- Born: 1908 Baltimore, Maryland, US
- Died: January 21, 1990 (age 81) New York City, US
- Education: University of Pennsylvania (BA)
- Spouse(s): Katherine McQuiggan (divorced) Georgia Gibbs
- Children: 1
- Relatives: Sacha Gervasi (grandson)

= Frank Gervasi =

American journalist

Frank Gervasi (1908 – January 21, 1990) was an American foreign correspondent and writer.

==Biography==
Gervasi was born in 1908 in Baltimore, Maryland. He graduated with a B.A. from the University of Pennsylvania. After school, he worked as reporter for The Philadelphia Record and in 1932, he went to work for the Associated Press. In 1934, he worked as a foreign correspondent in Spain where he covered the Spanish Civil War after which he was named the Rome bureau chief for Hearst International before joining Collier's Weekly immediately prior to World War II. He covered the fall of the Netherlands, Belgium, and France to the Nazis and then moved to North Africa with the British Eighth Army and then with the American forces in Southern France. After the war, he worked as a correspondent for The Washington Post, as a syndicated columnist, and as the chief of information for the Marshall Plan in Italy from 1950 to 1954.
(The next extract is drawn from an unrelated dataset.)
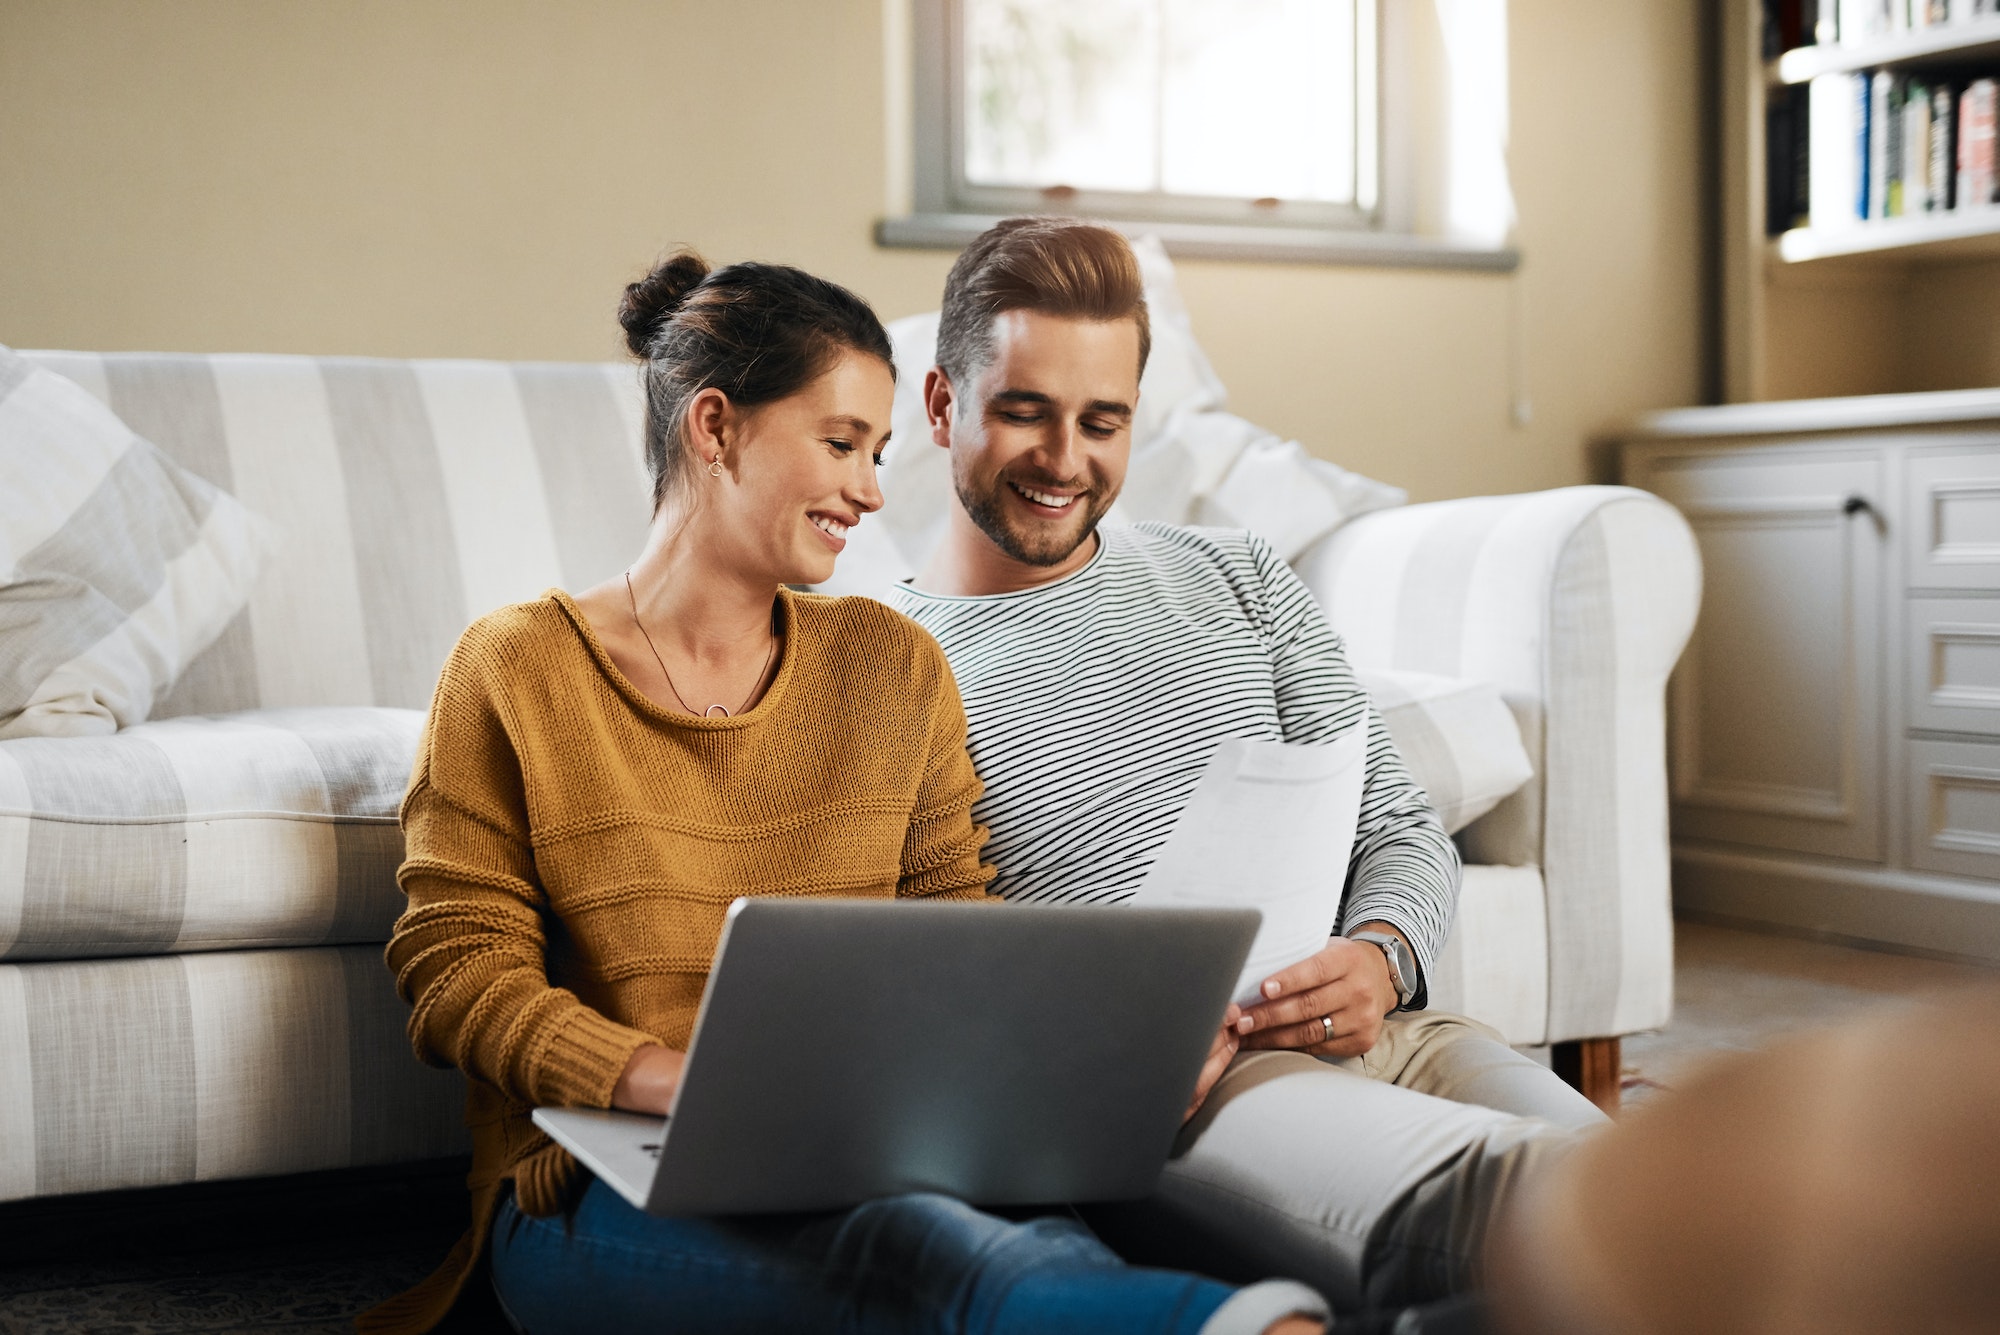 Lets check our credit score. Shot of a young couple using a laptop while relaxing at home.

He was the author of 10 books including To Whom Palestine?, The Case for Israel, The Real Rockefeller and The Violent Decade.

Gervasi was a co-founder of the Writers and Artists for Peace in the Middle East, a pro-Israel group.

==Personal life==
Gervasi married twice. His first wife was Katherine McQuiggan with whom he had a son, Sean Gervasi. In 1970, he married Jewish American singer Georgia Gibbs. They had first met in Paris in the 1930s, but lost touch with one another for twelve years. The marriage lasted until his death in 1990. His grandson is screenwriter and film director Sacha Gervasi, who wrote The Terminal for Steven Spielberg and Tom Hanks and directed the documentary Anvil! The Story of Anvil.

Gervasi died at the age of 81 on January 21, 1990, of a stroke in Manhattan.